Взгляни на карту пятилетки,
И что она расскажет нам.
Заводы раньше были редки,
Теперь они и тут и там.
 
   А то и еще похлеще:
 
Победим мы эту свору,
Победим лишь только мы,
Только красные герои,
Только красные орлы.
 
   И на уроках по родной речи, где учить бы нам и читать наизусть «Колокольчики мои, цветики степные», или «Белеет парус одинокий», или что-нибудь хотя бы из «Конька-Горбунка», мы талдычили вслед за учителями: «А по полю нашему трактора, трактора…» Это, значит, противопоставлялись колхозные поля какому-нибудь единоличному полю, с пахарем на нем, пашущим плугом и лошадью. А то еще помню: «У Никиты шито-крыто, глубоко зарыто жито». Тут понятно. Когда насильственно и бесплатно отбирали хлеб у крестьян (то есть попросту грабили их), злодей Никита спрятал хлеб, чтобы потом семья не умерла с голоду, как умерло с голоду в 1933 году на Украине и в Поволжье более семи миллионов человек.
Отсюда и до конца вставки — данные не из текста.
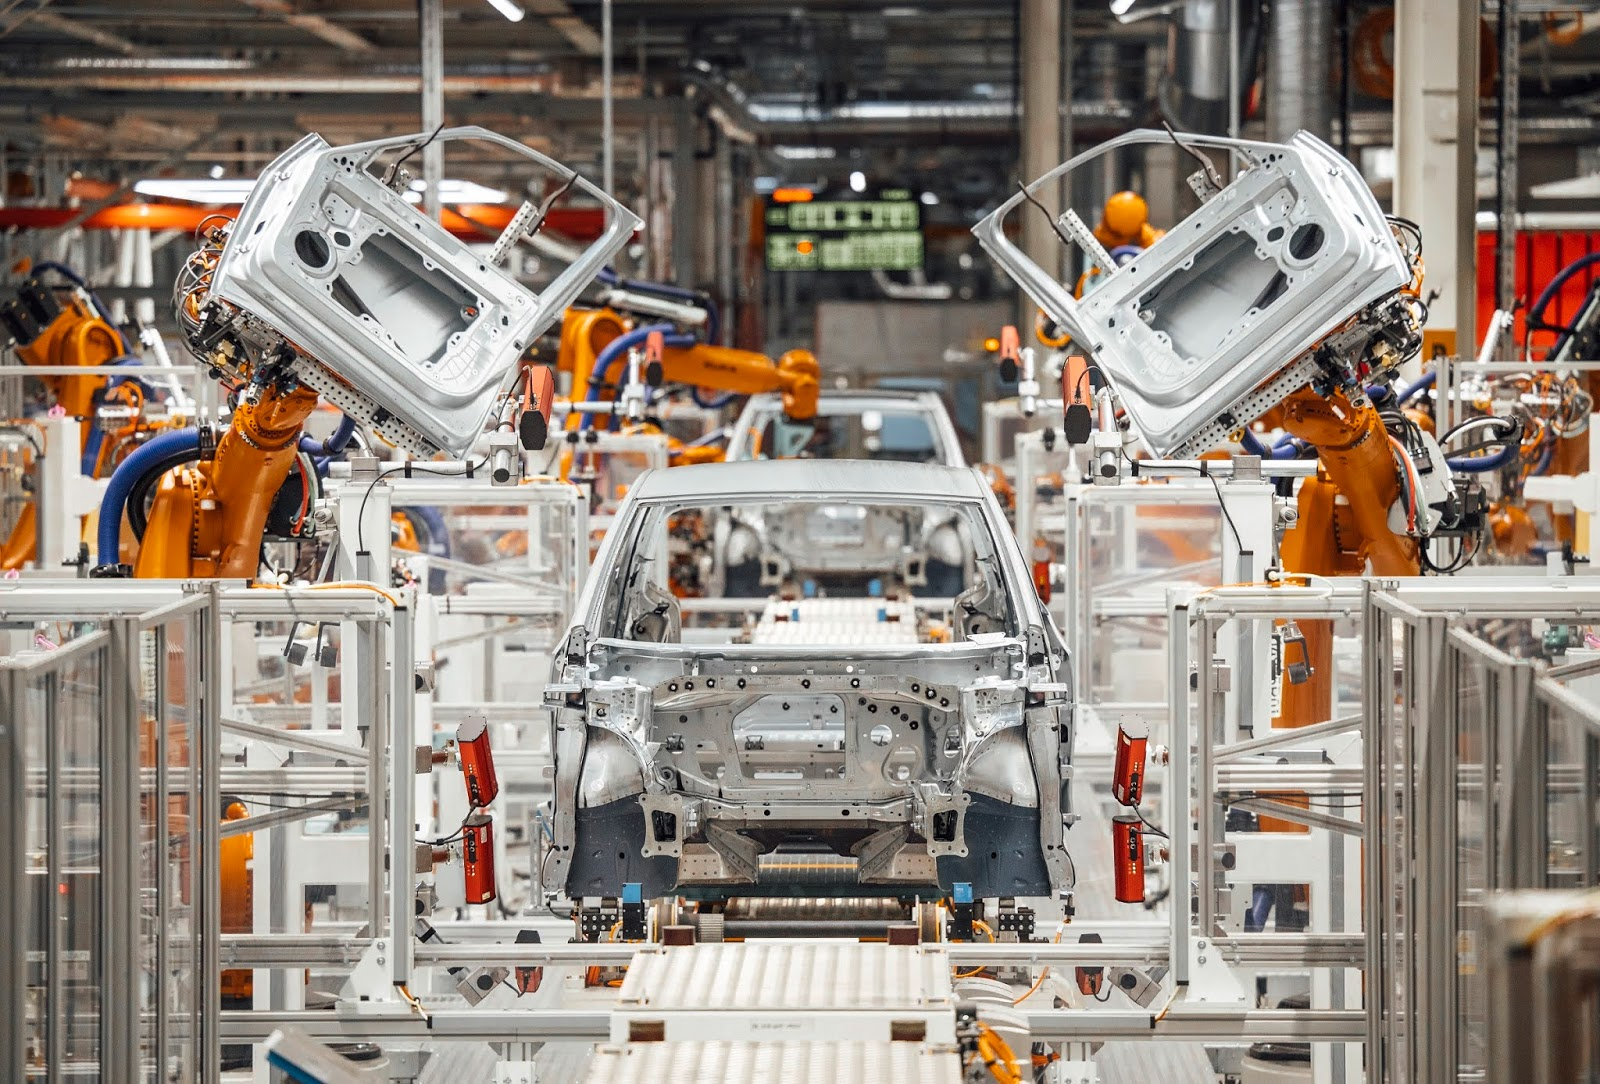 VOLKSWAGEN2B 2BZWICKAU2BPLANT Volkswagen Group: πρωτοπορία στη φιλική προς το περιβάλλον κατασκευή οχημάτων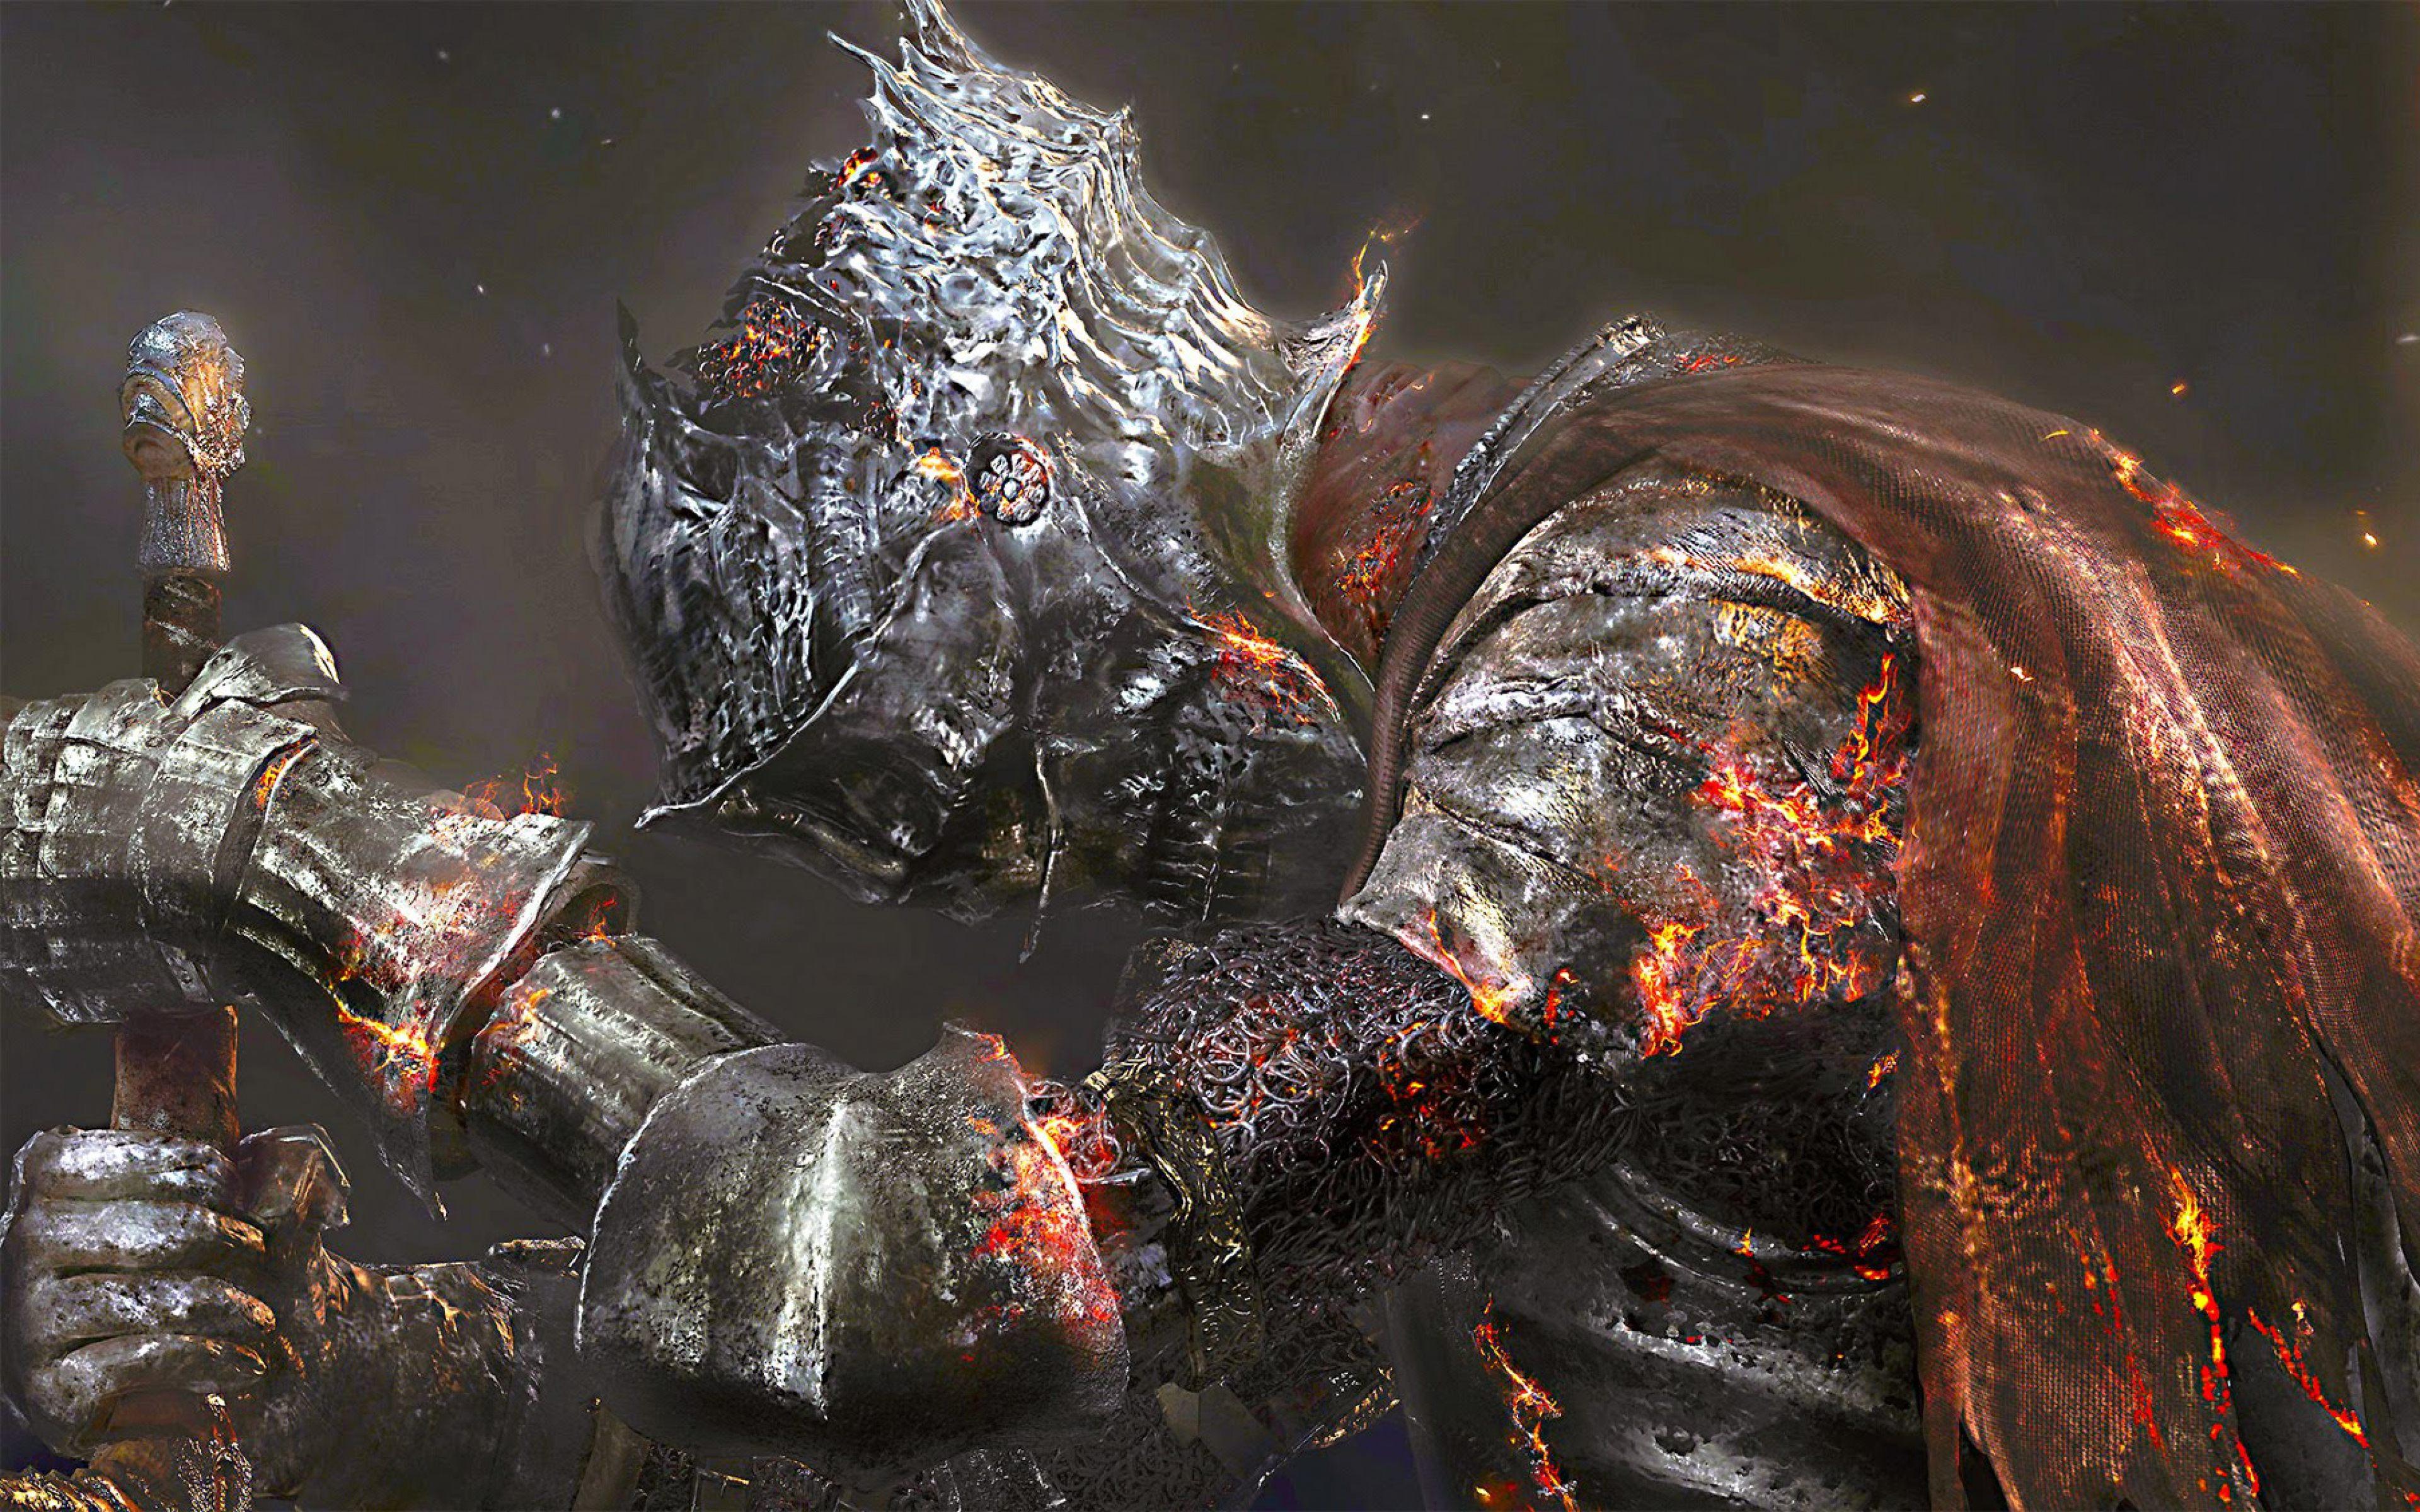 Dark Souls 3 4k Wallpaper: Dark 4K Wallpapers

   Бодрым голоском читала какая-нибудь Катя Барсукова:
 
Слышите, песнь о металле
Льется по нашей стране:
Стали, побольше бы стали,
Меди, железа вдвойне!
 
   А ваш покорный слуга, начавший, как может быть, помните, под руководством Катюши с Лермонтова и Пушкина, читал 21 января в известный траурный день на школьном вечере, посвященном этому дню (а читать, то есть декламировать, я уж и тогда, очевидно, умел):
 
Тираны мира, трепещите,
Не умер Ленин, Ленин жив.
Вы нас, вы нас не победите,
Живет в нас ленинский порыв.
 
   Вообще-то в школе происходило оболванивание, замусориванье мозгов, а что же дома? Что же – религиозная мать, любящая и знающая наизусть Некрасова, Кольцова, Сурикова, что же сестра, привнесшая в меня А. К. Толстого, Пушкина и Лермонтова? Ну, сестра ладно. Она к этому времени жила уже в Москве, училась там на каких-то курсах РКК (Российский Красный Крест), то есть, попросту говоря, на медицинских курсах.
   А мать… Родители, отчетливо понимая, что жить мне всю жизнь предстоит при новой власти, руководствуясь, очевидно, инстинктом самосохранения, полностью самоустранились от моего, так сказать, социального воспитания, передоверив меня советской школе. Больше того, они всячески поощряли и дома школьное воспитание. Во всяком случае, когда, движимый почти религиозным по силе и яркости чувством, я дома начал устраивать «Ленинский уголок», приклеивая на стену множество фотографий Ленина, начиная с кудрявого мальчика, кончая гробом и Мавзолеем, никто из домашних уже не препятствовал мне, а то, что в это время за левым плечом потирали руки и злорадно хихикали, а за правым плечом печалились, если не плакали, то ведь этого не было ни слышно, ни видно…
 
   1989 г.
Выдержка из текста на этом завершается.